HOSPITAL patients will soon be able to refer to league tables to find
which hospital or individual doctor offers the best chance of a cure.
Greater Glasgow Health Board expects to have data available in two or
three years covering a range of conditions, a senior board planner said
yesterday.
Awarding of contracts for treatment will have to take into account
objective data comparing outcomes between different hospitals and
clinicians, said Dr Harry Burns, deputy director of planning and
contracts.
Preliminary work by Dr Burns, which will feature in a BBC Panorama
programme tonight, compares treatment for two relatively uncommon
cancers, melanoma and testicular teratoma, at six West of Scotland
hospitals.
He found that the Beatson Oncology Centre at the Western Infirmary
offered a 10% higher chance of being still alive five years after
treatment.
''If it were my brother suffering from teratoma, I know which hospital
I would want him to go to,'' said Dr Burns, a former surgeon at the
Royal Infirmary.
''With this kind of information I don't think I would be able to sleep
at night if I had not made some contractual effort to make the best
choice.''
Dr Burns admitted that getting accurate data which presented a fair
picture would be complicated.
One factor in particular is that the best surgeon may appear to lose
more patients because he is handling the most desperate cases.
Not all the evidence will be as clear cut as the specialist Beatson
centre's performance on two relatively rare diseases.
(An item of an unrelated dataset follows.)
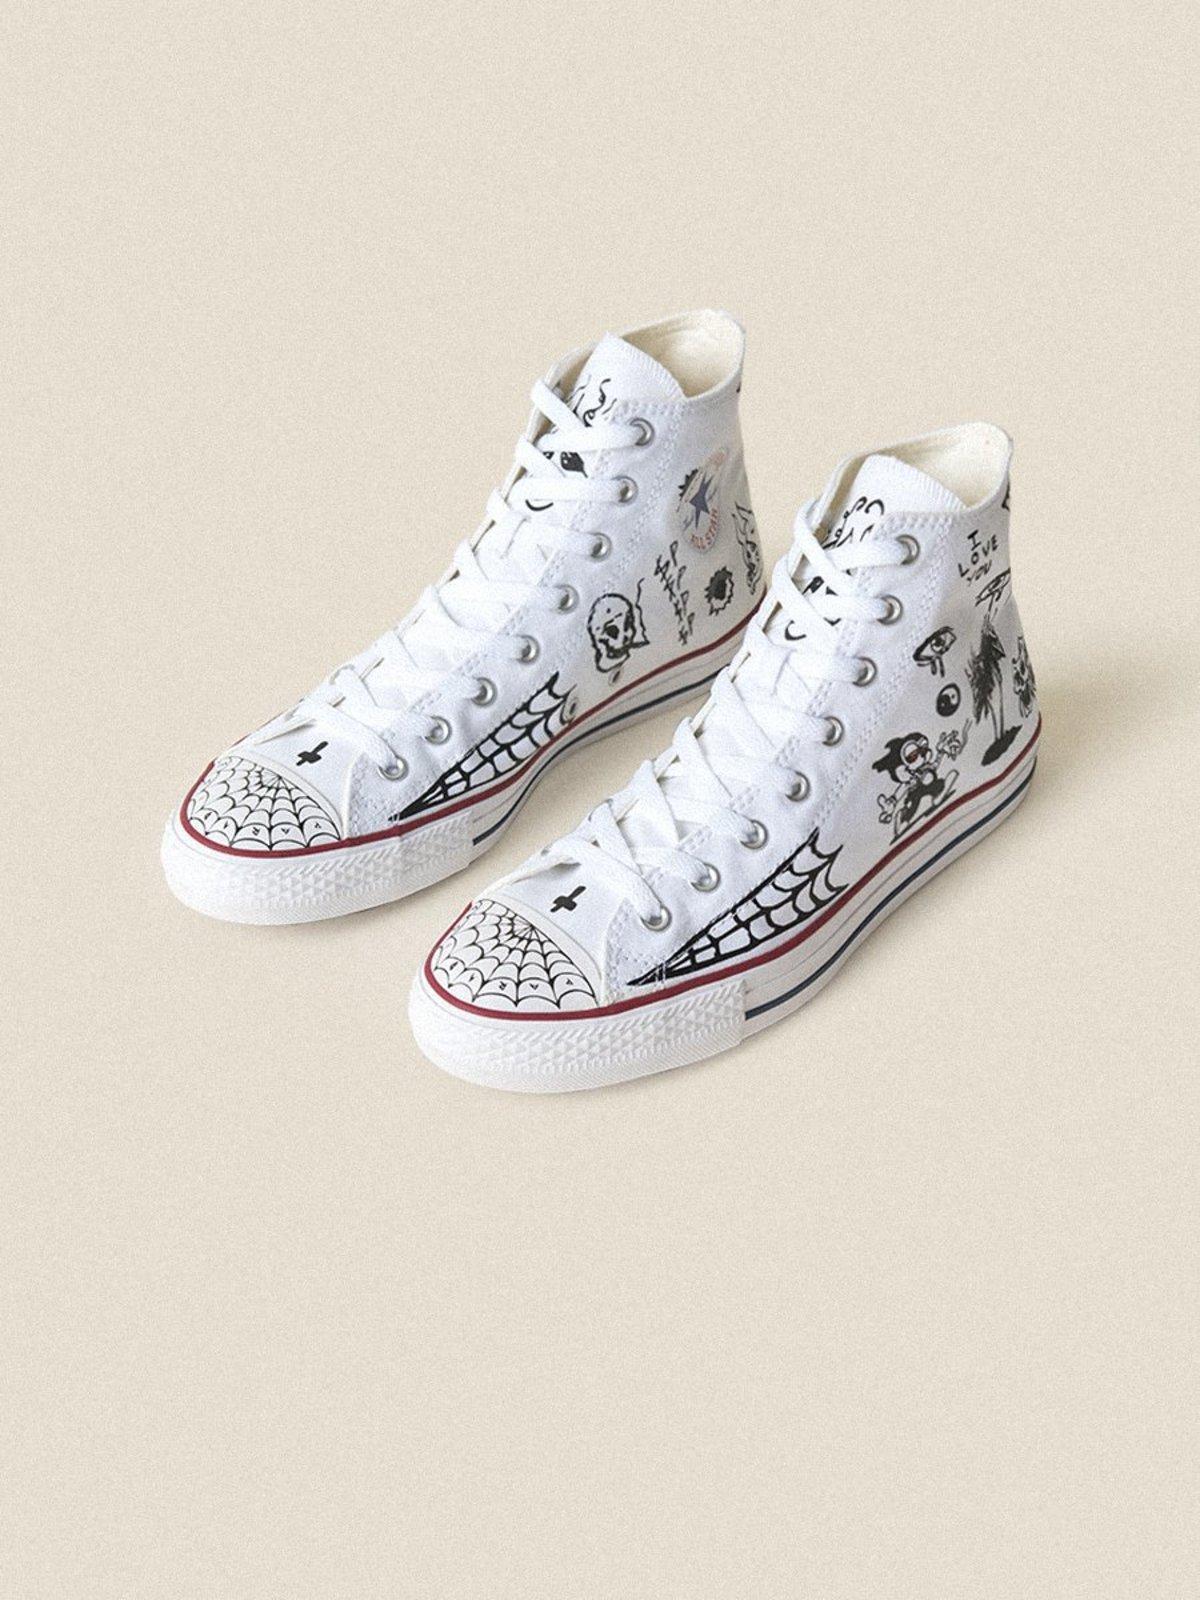 Converse Sean Pablo CTAS Pro Hi Sneakers - White Black White ... 277be193c

''When it comes to something like breast or colon cancer, if we tried
to direct them all to the best hospital it would be swamped,'' said Dr
Burns. ''It means we will have to find out why some hospitals are better
and apply that to the others.
''I imagine most hospitals will be similar on most things. About 90%
will rank on a par, with only a few outstandingly better or worse.
''But if the changes in the NHS are going to mean anything in terms of
patient accountability, we must make the information available.
''It is only a matter of time before league tables are published of
hospitals and doctors, just as they are for schools, but it will be
equally complicated.
''It is important to get across to the doctors that this is not a
blaming exercise, but a recognition that some people are better at some
things than others. There is a lot of specialisation taking place
informally, worked out by doctors among themselves, and this raises
standards.
''But it means an end to the attitude that Doctor Knows Best. Too many
services have grown up because this doctor or that was interested in it.